Bug 9135

Summary: top displaying 9999% CPU usage
Product: Process Management Reporter: Rafael J. Wysocki (rjwysocki)
Component: OtherAssignee: process_other
Status: RESOLVED PATCH_ALREADY_AVAILABLE    
Severity: normal CC: borntraeger, bsingharora, cebbert, elendil, spencer
Priority: P1    
Hardware: All   
OS: Linux   
Kernel Version: 2.6.23-rc9 Subsystem:
Regression: Yes Bisected commit-id:
Bug Depends on:    
Bug Blocks: 9056    

Description Rafael J. Wysocki 2007-10-08 12:46:23 UTC
References      : http://lkml.org/lkml/2007/10/3/123
Submitter       : Frans Pop <elendil@planet.nl>
Handled-By      : Chuck Ebbert <cebbert@redhat.com>
                  Christian Borntraeger <borntraeger@de.ibm.com>
Comment 1 Rafael J. Wysocki 2007-10-08 12:47:11 UTC
Patch have been proposed: http://lkml.org/lkml/2007/10/4/389
Comment 2 Rafael J. Wysocki 2007-10-08 12:47:56 UTC
Another patch has been proposed: http://lkml.org/lkml/2007/10/4/405
Comment 3 Frans Pop 2007-10-12 13:22:49 UTC
The second proposed patch has been shown to not completely fix the issue:
http://lkml.org/lkml/2007/10/5/128

The first proposed patch is basically a reversion to 2.6.22 behavior and has been tested to fix the regression, although it may not be the best solution in the long run as it reduces accuracy:
http://lkml.org/lkml/2007/10/5/150
Comment 4 Frans Pop 2007-11-05 14:02:13 UTC
Fix committed in Linus' git tree for 2.6.24 with following two commits.

commit 73a2bcb0edb9ffb0b007b3546b430e2c6e415eee
Author: Peter Zijlstra <a.p.zijlstra@chello.nl>
    sched: keep utime/stime monotonic

commit 9301899be75b464ef097f0b5af7af6d9bd8f68a7
Author: Balbir Singh <balbir@linux.vnet.ibm.com>
    sched: fix /proc/<PID>/stat stime/utime monotonicity, part 2

Currently waiting for stable team to respond to request to include these changes in next point release.
Comment 5 Spencer Candland 2008-08-21 13:05:05 UTC
Unfortunately commits 73a2bcb0edb9ffb0b007b3546b430e2c6e415eee and 9301899be75b464ef097f0b5af7af6d9bd8f68a7 do not appear to completely fix this bug.  I am still seeing this, at least in certain circumstances.

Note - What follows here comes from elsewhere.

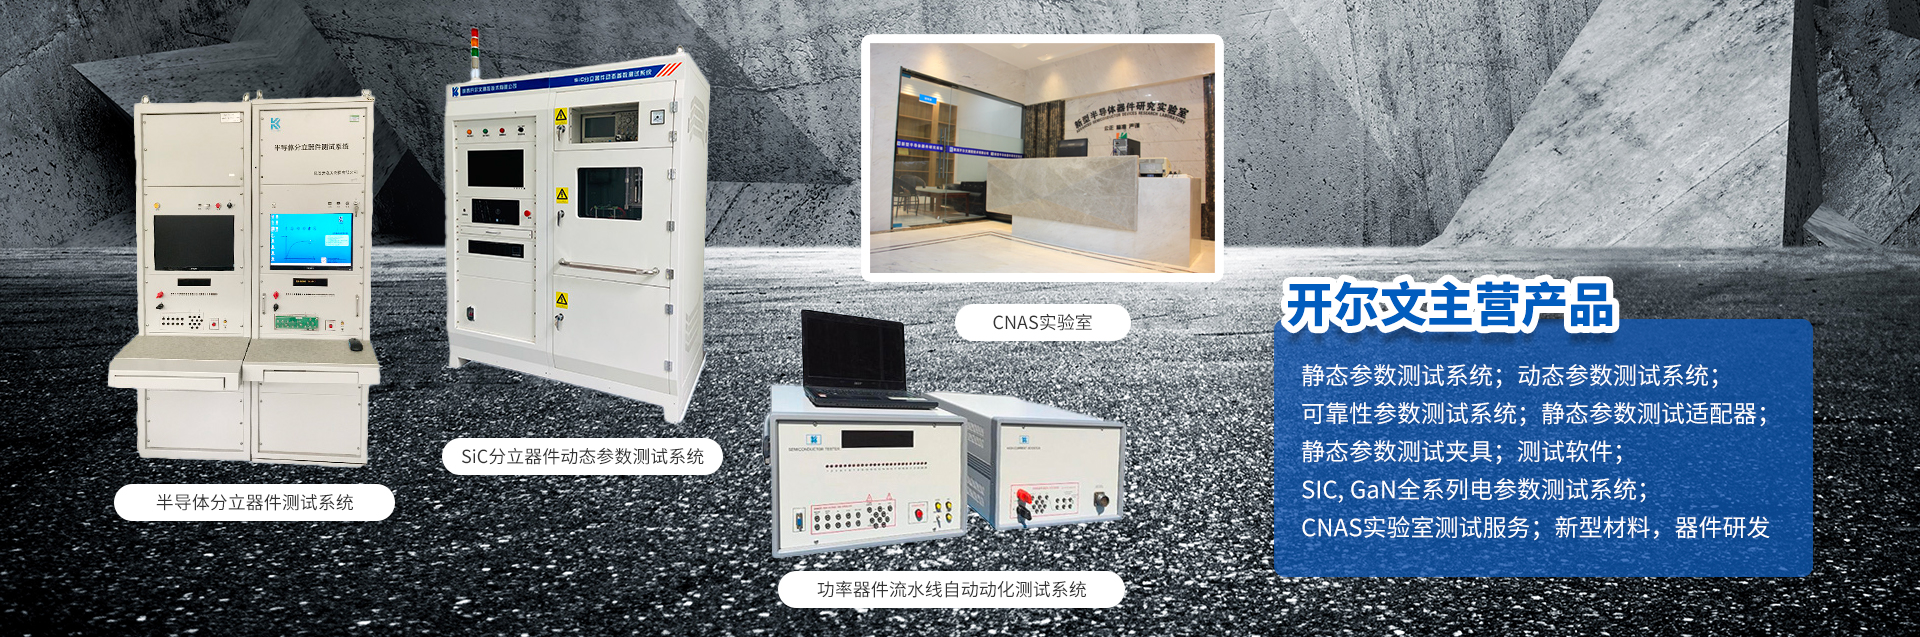 购买CNAS测试服务、三极管测试仪、雪崩测试仪、晶体管测试仪以及IGBT功率循环试验系统可以来陕西开尔文测控技术有限公司。

I am seeing this behavior with all 2.6.23+ kernels, including 2.6.26.3 and 2.6.27-rc4 on x86_64 SMP Xeon, and Opteron machines.  I am able to replicate this reliably by running apache with the worker MPM, and running a simple apache benchmark, for example:

ab -r -n 100000 -c 1000 http://localhost/

watching stime and utime for the apache children I see both jumping around a bit and see decreases quite frequently.

The first patch from this bug, which reverts to the 2.6.22 behavior, appears to correct the problem.

I have been able to reliably duplicate this bug using x86_64 defconfig on all 2.6.23+ kernels.  I have also tried playing with many timer and clock related config options (with and without NO_HZ, HIGH_RES_TIMERS, different RTC options, etc), I have tried changing clocksource (tsc, hpet, jiffies), but with no success.  I never see any complaints about the clock or timer, even when booting with report_lost_ticks.

I am unable to duplicate this when running with nosmp, and I have only seen it on threaded processes, however  am unable to say for sure that this only occurs on SMP and threaded processes, or if my testing is simply insufficient to replicate it.